Let's also look at the length of the text.

One test will check that the mean text length is within +/-10% of what it was before. It isn't a critical test, but you might want a warning if the average response length is changing.

The second check includes a hard requirement. You want to ensure that all texts fall between 0 and 250 symbols. For instance, you may expect all responses to fit within the space of a chat window.

    TestColumnValueMean(
        column_name=TextLength(
        display_name="Text Length").
        on("response"),
        is_critical=False),
    TestShareOfOutRangeValues(
        column_name=TextLength(
        display_name="Text Length").
        on("response"),
        left=0, right=250,
        eq=0),

Finally, let's add a competitor check. Here, the condition is simple: you want the number of responses that mention two named competitors to be zero.

    TestCategoryCount(
        column_name=Contains(
            items=["AnotherFinCo", "YetAnotherFinCo"],
            display_name="Competitor Mentions").
        on("response"),
        category=True,
        eq=0),

These are just examples: you can combine other checks, such as using LLM-as-a-judge, model-based evaluations, or rule-based validations like regular expression matches.

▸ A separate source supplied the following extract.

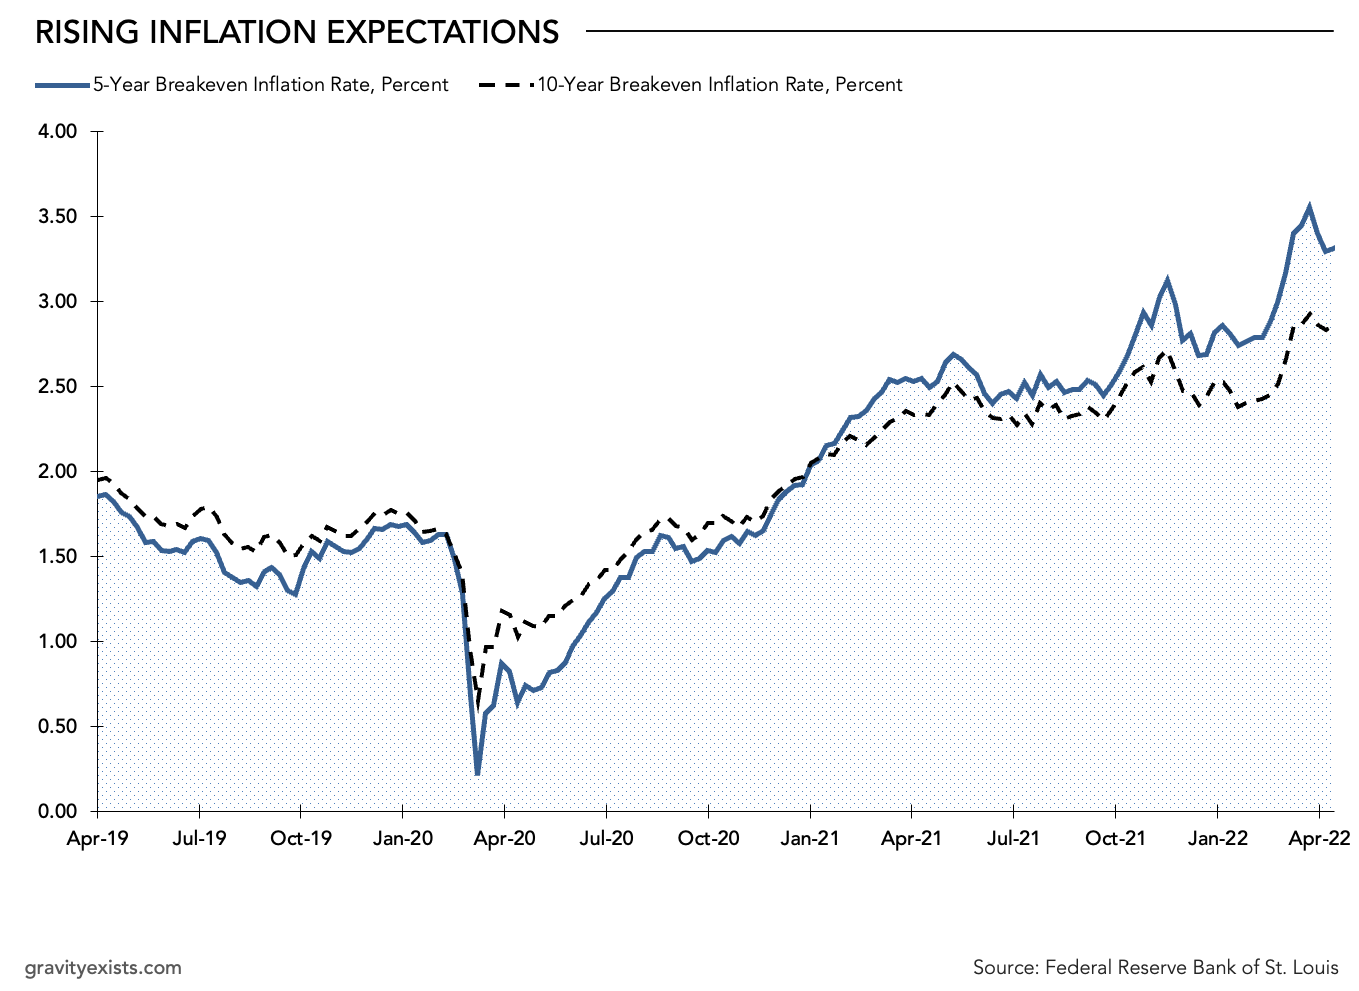 The 5- and 10-year inflation expectations implied by the spread between US Treasury Bonds and Treasury Inflation Protected Securities (TIPS) remain lower than 3.5%. While well above multi-year averages, this represents confidence that current inflation levels will moderate in the near-term.

Now that you've defined your Test Suite, you can run it every time there's a prompt change.

4. Get new responses

Let's simulate just this. Imagine you've created a new prompt to slightly change the style of responses, aiming for a more conversational tone.

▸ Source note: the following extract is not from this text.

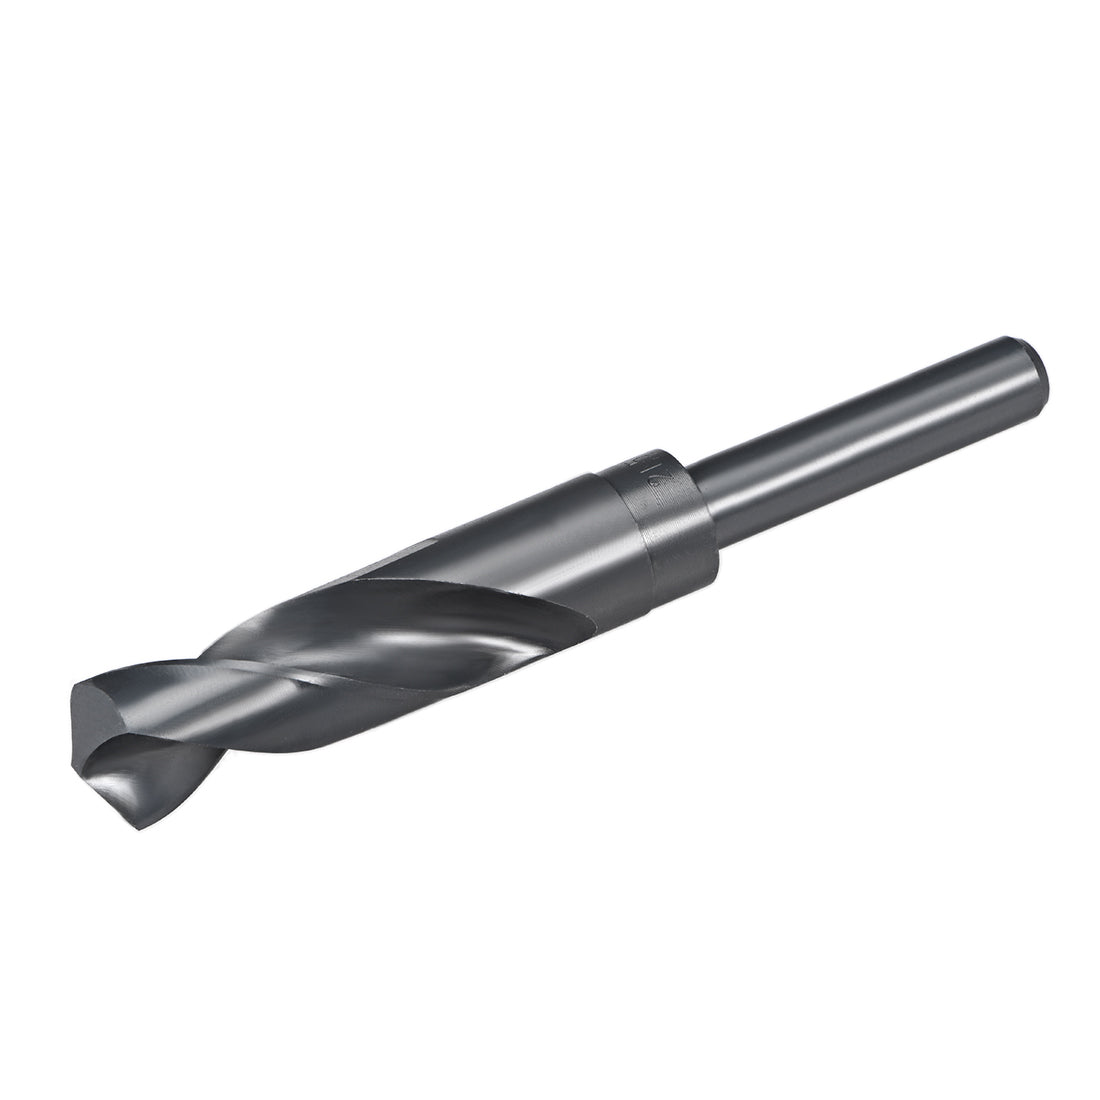 uxcell Uxcell Reduced Shank Drill Bit 21.5mm HSS 6542 Black Oxide with 1/2 Inch Straight Shank

You can add the new answers to the “response” column and create a new dataframe. Let's call it cur_data_1.

To run the Test Suite, you will use both the new current dataset and the reference dataset. This will allow you to use the trick with auto-generating test conditions.

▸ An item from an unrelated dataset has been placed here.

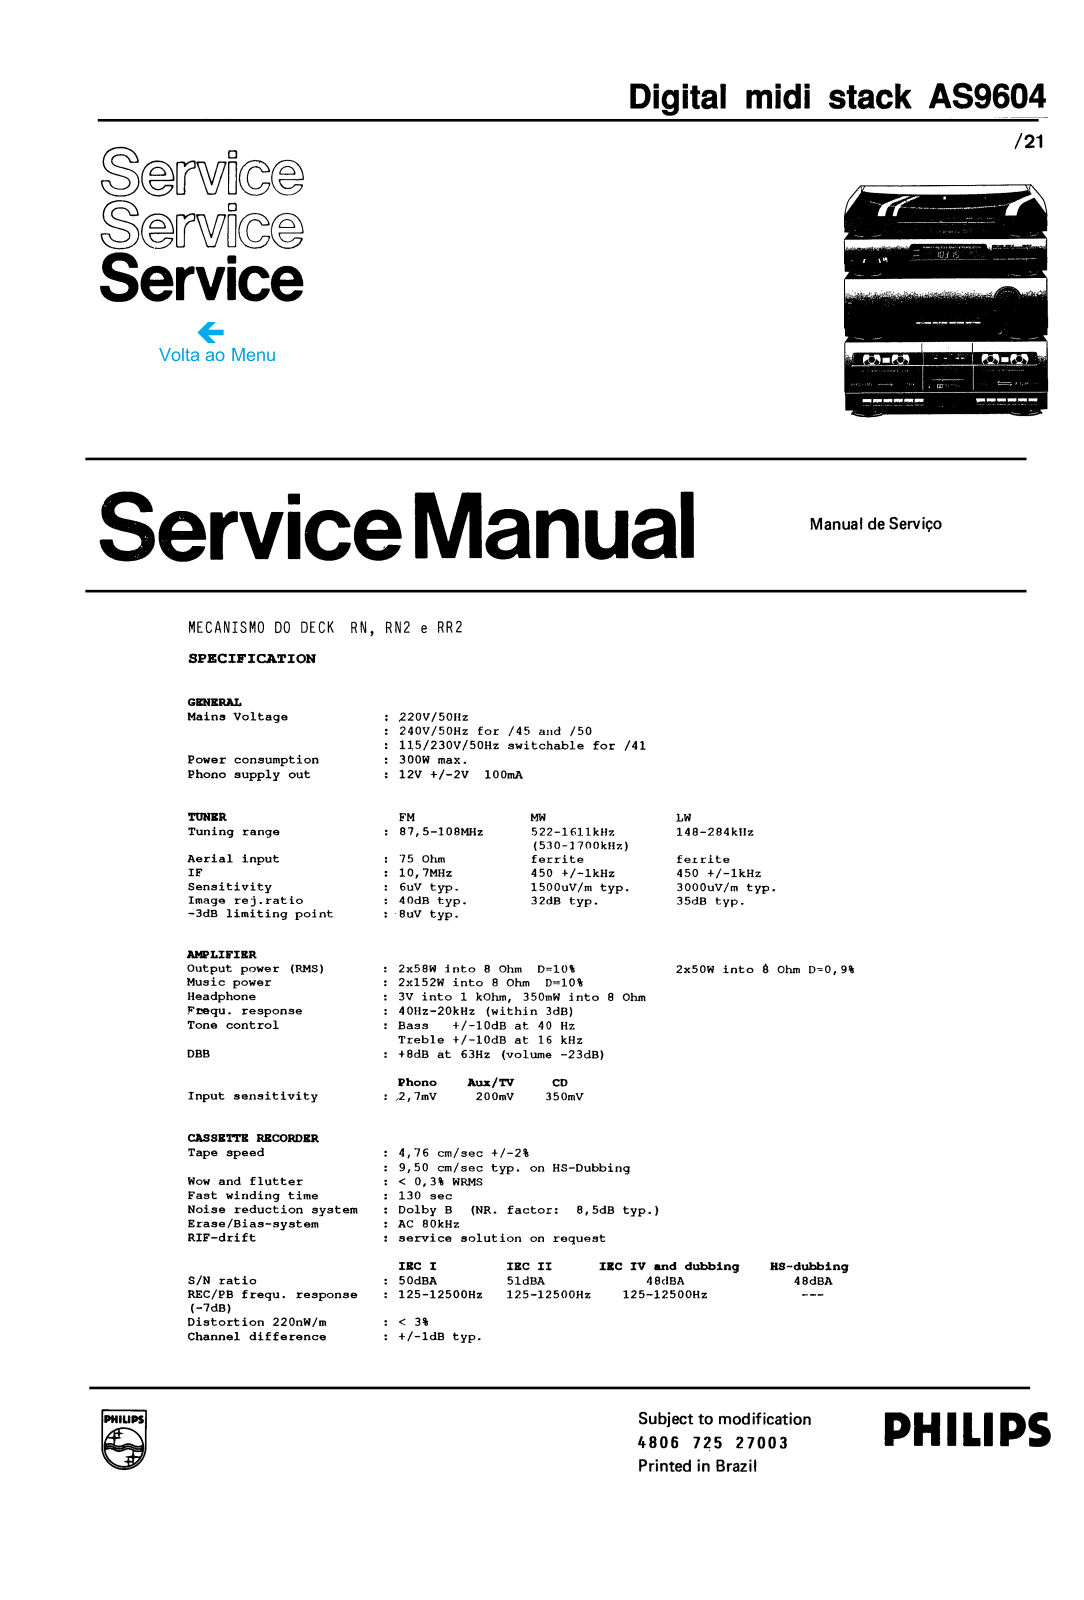 Philips AS-9604 Service manual

Note: You can also run checks with a single dataset. In this case, you'd need to define all the conditions manually, such as setting a specific sentiment or length threshold directly.

5. Run the Test Suite

Run the tests to evaluate the cur_data_1 dataset. You will pass the curated examples (ref_data) as a reference and send the results to Evidently Cloud:

test_suite.run(reference_data=ref_data, current_data=cur_data_1)
ws.add_test_suite(project.id, test_suite, include_data=True)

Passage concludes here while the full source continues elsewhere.